Mendes Wood DM São Paulo is pleased to present Los Angeles-based artist Mimi Lauter's first solo exhibition in Brazil. Entitled Apres nous, le deluge, the exhibition brings together recent oil and soft pastel paintings on paper. The works are comprised of expansive fields of layered colors and swirling textures assembling abstracted narratives. Lauter builds these narratives through extensive research on diverse sources from mythology, literature, and the history of painting as a means to delineate the relations between image and existence.

The richly limned, almost lambent surfaces of the paintings on view nod to the visual tradition of the Les Nabis artists, such as Eduard Vuillard, Pierre Bonnard, Odilon Redon, and James Ensor. Amid abstraction and figuration, her works function as devotional paintings which historically are paintings created for the purpose of aiding in private religious worship.

Lauter believes painting itself is a tool to make people believe and proposes the belief in and devotion to painting itself, allowing the viewer to be deeply immersed in her large scale intricate works and explore her subconscious narratives. Lauter borrows the titles for her works from Rainer Maria Rilke’s Sonnets to Orpheus, such as in ‘Heavy are Mountains, Heavy the Seas’ and ‘Windy Air’ and ‘Music of Forces.’ Orpheus possessed the ability to charm all living things with his music but was ultimately torn apart by a group of passionate revelers because of the very music he created. Lauter is interested in this dichotomous relationship between life and death, and ruin and origin. The visceral forms that surge from her deeply saturated oily pastels represent both a process of vitality and regeneration. They are artificial constructions of something universally deep and true.

The phrase Apres nous, le deluge (After us, the flood) was infamously expressed by Madame de Pompadour, the lover of King Louis XV of France in the mid 18th century. The phrase has many meanings but Lauter was interested in life after the flood.
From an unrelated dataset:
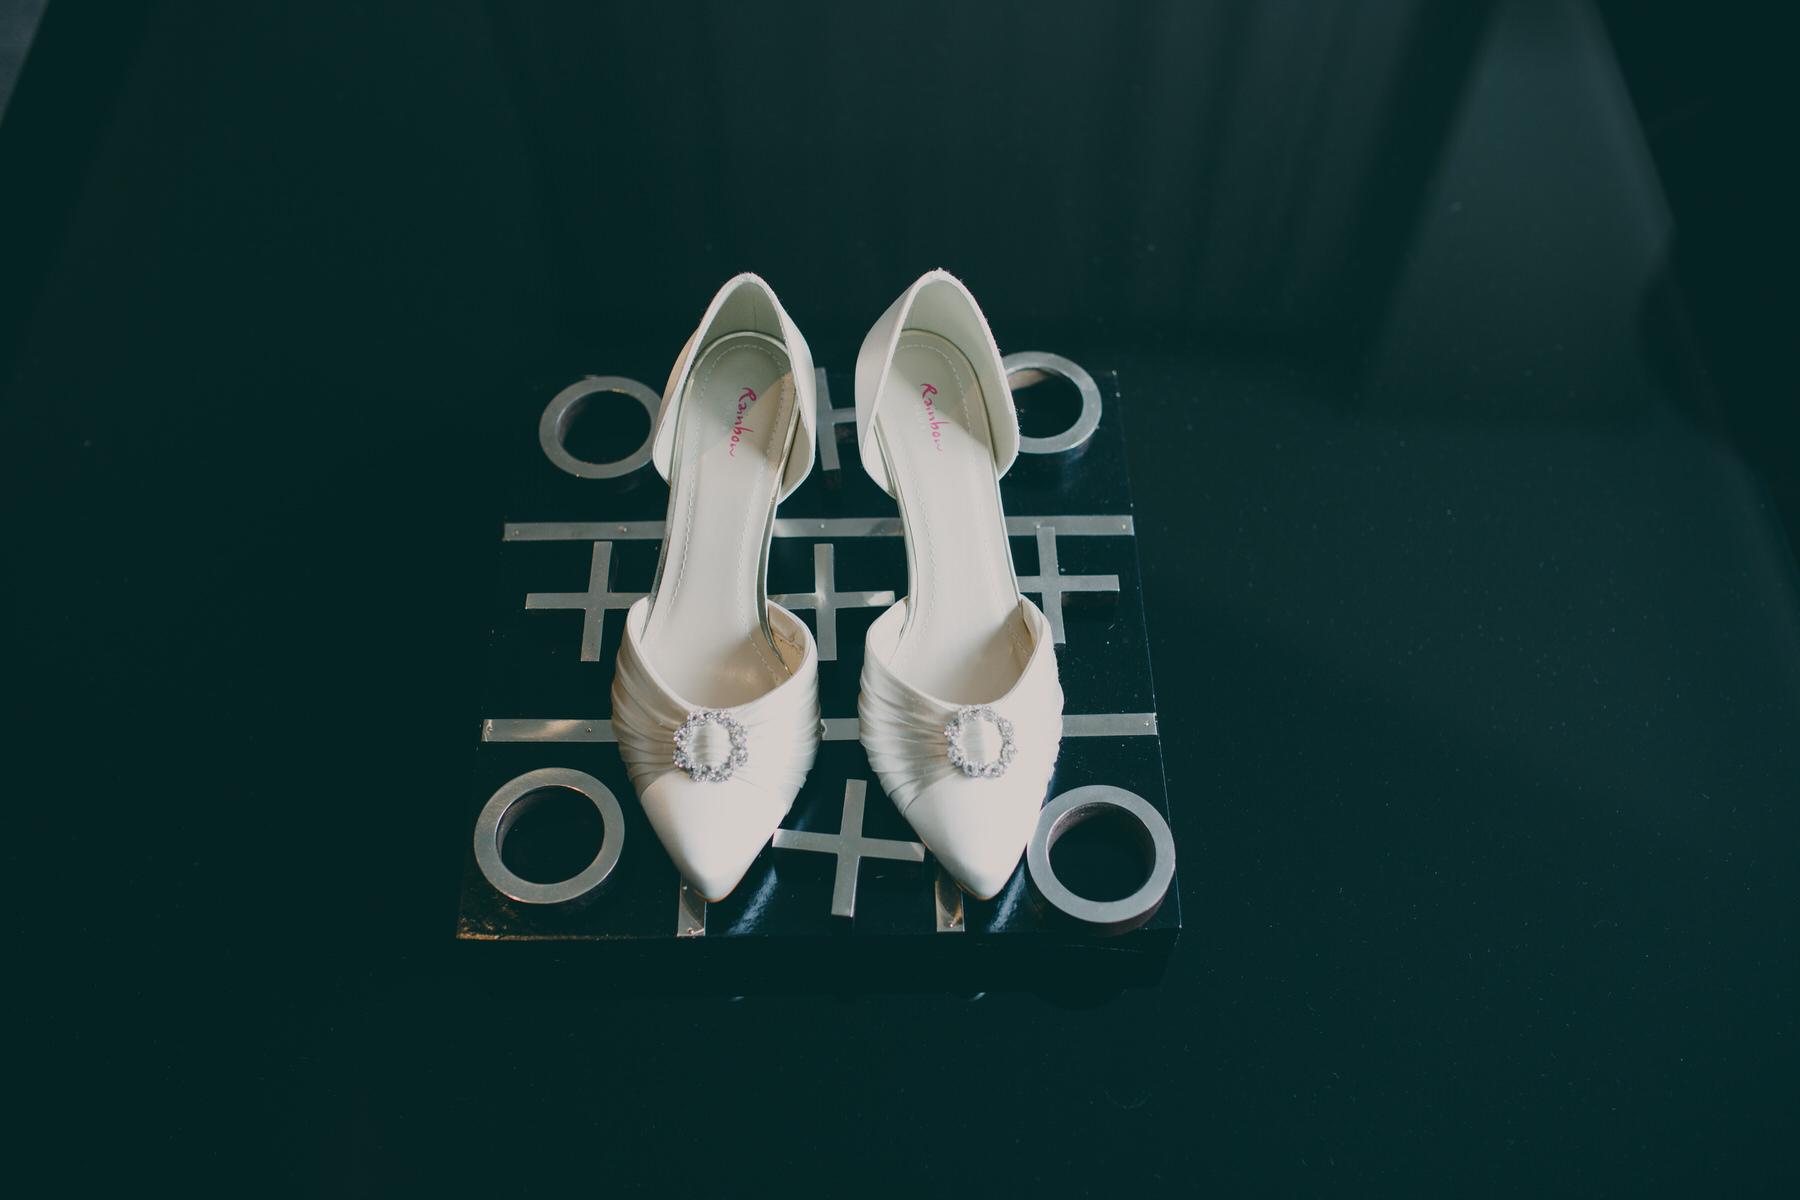 wedding shoe detail nought cross game.jpg
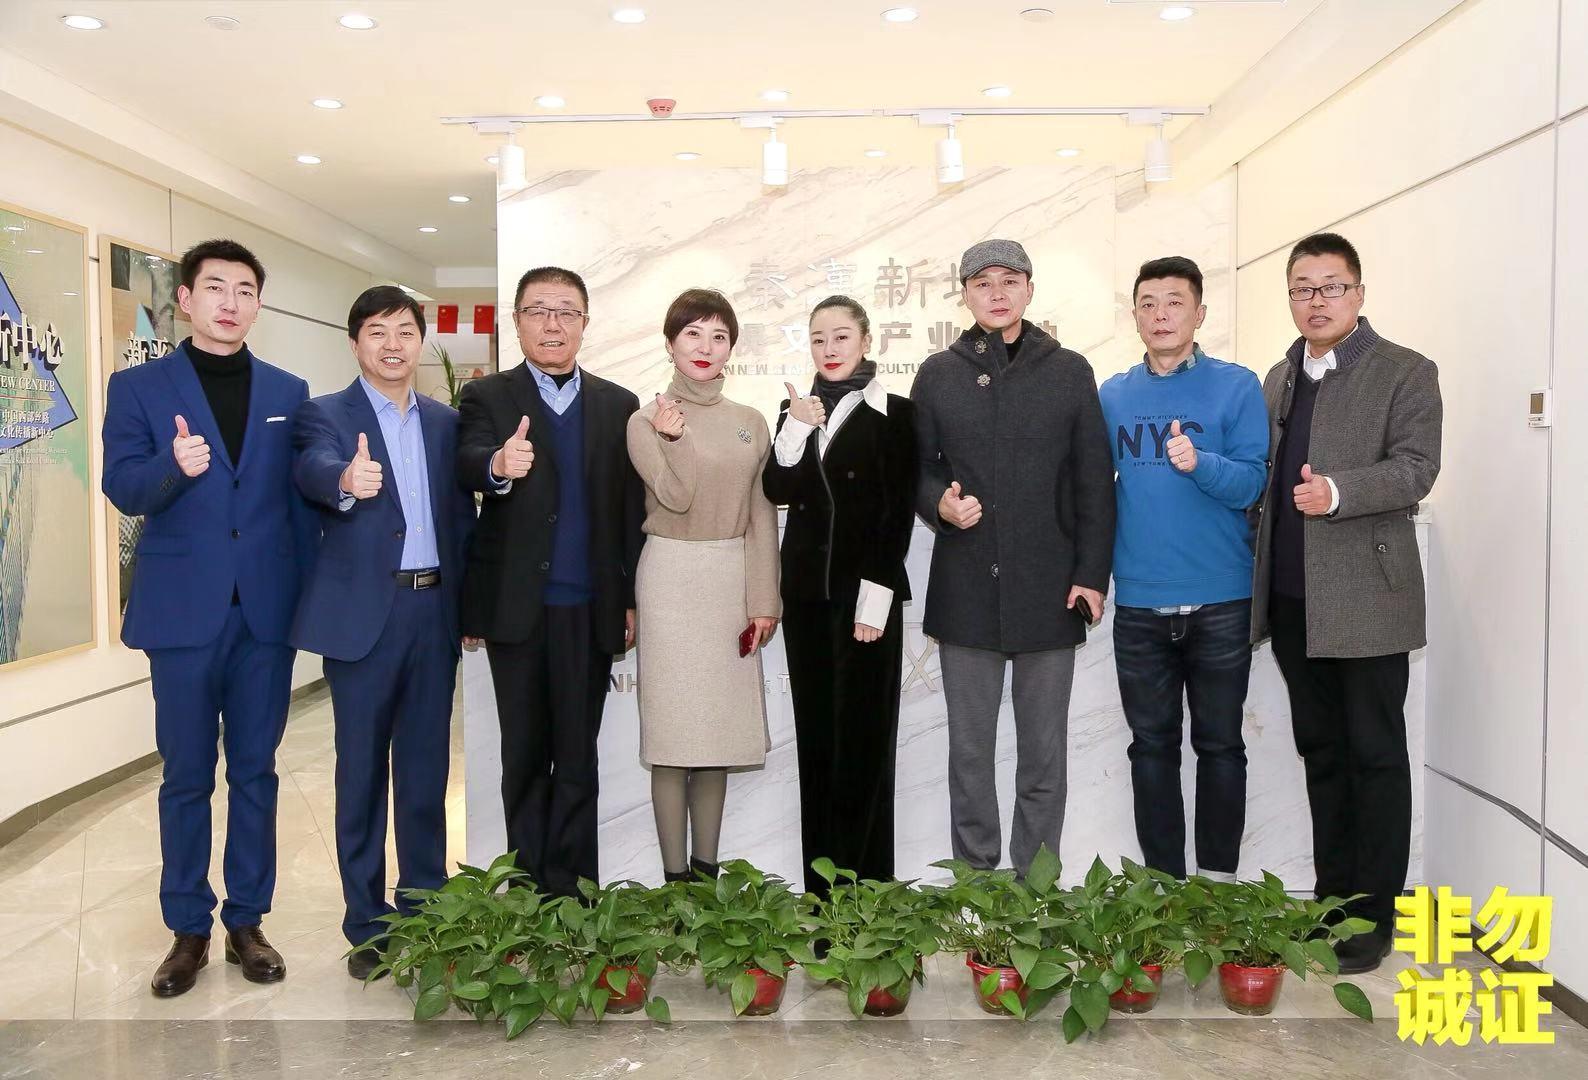 刘奕君监制组金牌团队 中国首部公证行业剧《非诚勿证》正式启动

A drowned world destroyed by water, an element that provides life but can also engender it.  Evoking the recurrent historical trope of the flood throughout literature and art history, Lauter is interested in the flood as a paradigm of renewal amidst tension and destruction.

Mimi Lauter (1982, San Francisco) lives and works in Los Angeles, USA. 
Her solo exhibitions include Sensus Oxynation, Blum & Poe, Los Angeles (2018); Miniatures, Shane Campbell Gallery, Chicago (2018); Devotional Flowers, Derek Eller Gallery, New York (2018); Interiors, Tif Sigfrids, Los Angeles (2017); A Carnival of Musical Echo, Shane Campbell Gallery, Chicago (2015).

Her works have been part of group exhibitions including Selections from the Marciano Collection, Marciano Art Foundation, Los Angeles (2019); Art for Art’s Sake: Selections from the Frederick R. Weisman Art Foundation, Carnegie Art Museum, Oxnard (2016); Paper in PracticeMade in L.A. 2012, organized by the Hammer Museum in collaboration with LAXART, Los Angeles (2012).